Abstract:LLMs and RAG systems are now capable of handling millions of input tokens or more. However, evaluating the output quality of such systems on long-context tasks remains challenging, as tasks like Needle-in-a-Haystack lack complexity. In this work, we argue that summarization can play a central role in such evaluation. We design a procedure to synthesize Haystacks of documents, ensuring that specific \textit{insights} repeat across documents. The "Summary of a Haystack" (SummHay) task then requires a system to process the Haystack and generate, given a query, a summary that identifies the relevant insights and precisely cites the source documents. Since we have precise knowledge of what insights should appear in a haystack summary and what documents should be cited, we implement a highly reproducible automatic evaluation that can score summaries on two aspects - Coverage and Citation. We generate Haystacks in two domains (conversation, news), and perform a large-scale evaluation of 10 LLMs and corresponding 50 RAG systems. Our findings indicate that SummHay is an open challenge for current systems, as even systems provided with an Oracle signal of document relevance lag our estimate of human performance (56\%) by 10+ points on a Joint Score. Without a retriever, long-context LLMs like GPT-4o and Claude 3 Opus score below 20% on SummHay. We show SummHay can also be used to study enterprise RAG systems and position bias in long-context models. We hope future systems can equal and surpass human performance on SummHay.
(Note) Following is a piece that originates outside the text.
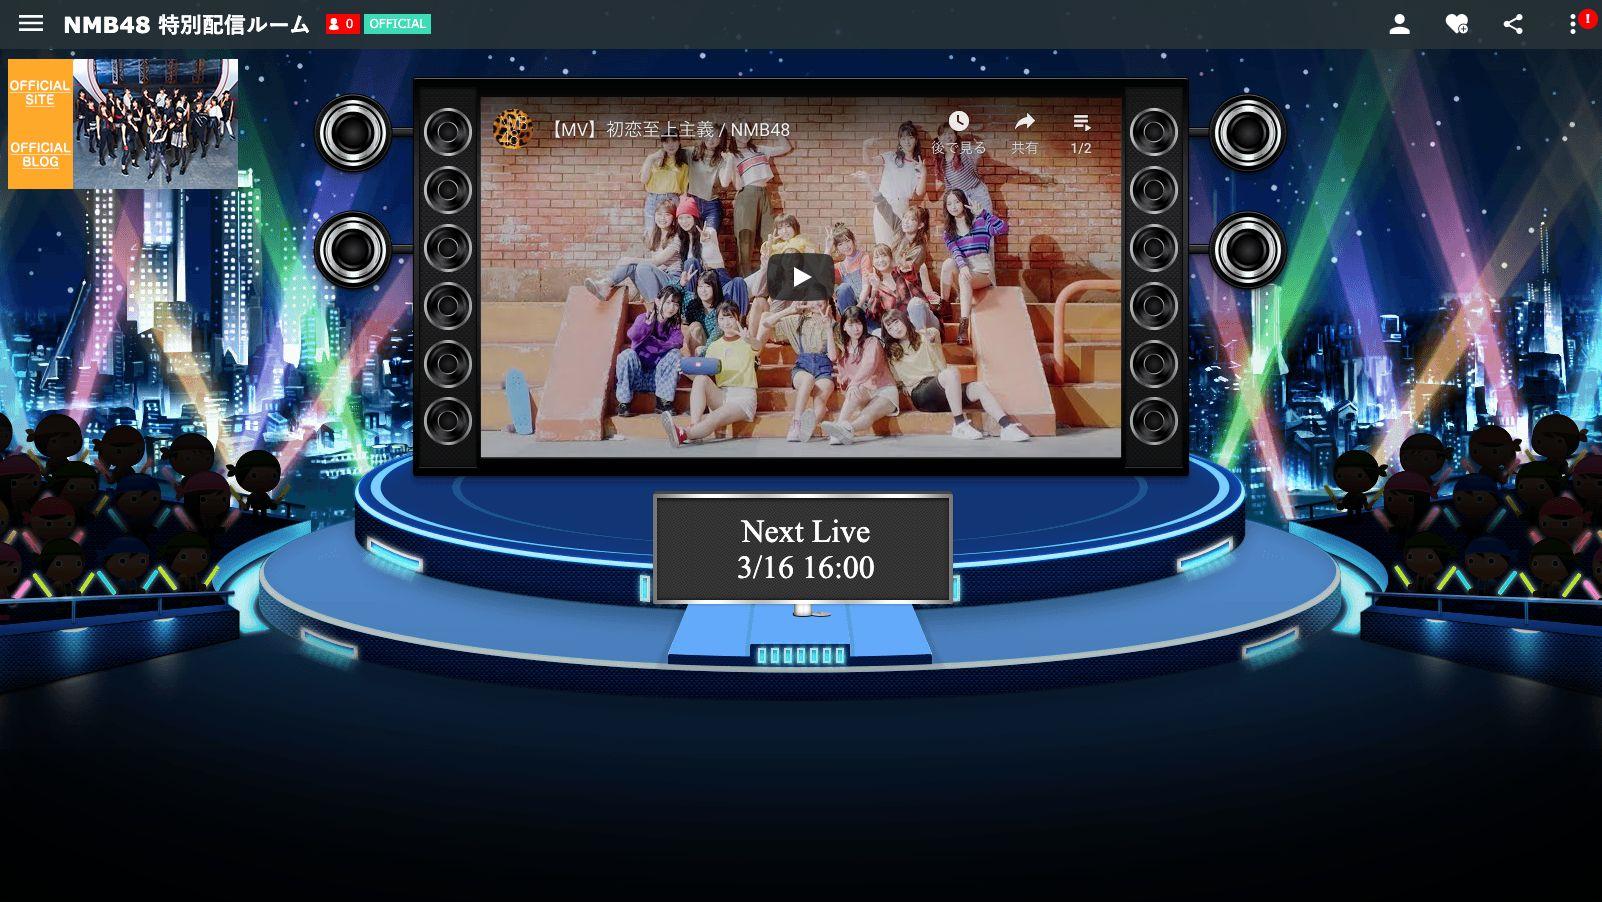 【NMB48】3月16日の16時からSHOWROOMで「NMB48 D3vs6K」が配信

What problem does this paper attempt to address?

This paper proposes a task called "Summary of a Haystack" (SummHay) which aims to address the performance issues of long-context language models (LLMs) and retrieval-augmented generation systems (RAG) in handling large amounts of input information. Existing evaluation methods such as the "Needle-in-a-Haystack" task are too simplistic and fail to fully showcase the capabilities of the latest models. Therefore, the researchers generated a document collection called "Haystack" by synthesizing data, in which specific insights are repeated across multiple documents. The SummHay task requires systems to process the Haystack, generate summaries based on queries, identify relevant insights, and accurately cite the source documents. The evaluation criteria include "coverage" (whether the expected reference insights are included) and "citation quality". By using automated evaluation methods, the researchers conducted large-scale evaluations on 10 Haystacks in the domains of dialogue and news, involving 10 LLMs and 50 RAG systems. The study found that even with the document relevance oracle signals, the current systems still exhibit much lower performance on the SummHay task compared to the estimated 56% performance of human judges. LLMs without a retrieval component tend to score lower, while RAG systems generally improve citation quality but may sacrifice insight coverage. Furthermore, the study revealed the issue of positional bias in long-context models, which tend to focus on information at the top or bottom of the context window. The main contributions of the paper include: 1) designing the process for generating Haystacks; 2) proposing the evaluation protocol for SummHay; 3) conducting large-scale evaluations on 50 RAG systems and 10 long-context LLMs, demonstrating that SummHay is a challenging open problem. The researchers hope that future technologies can achieve and surpass human performance on SummHay, providing more reliable answer engines.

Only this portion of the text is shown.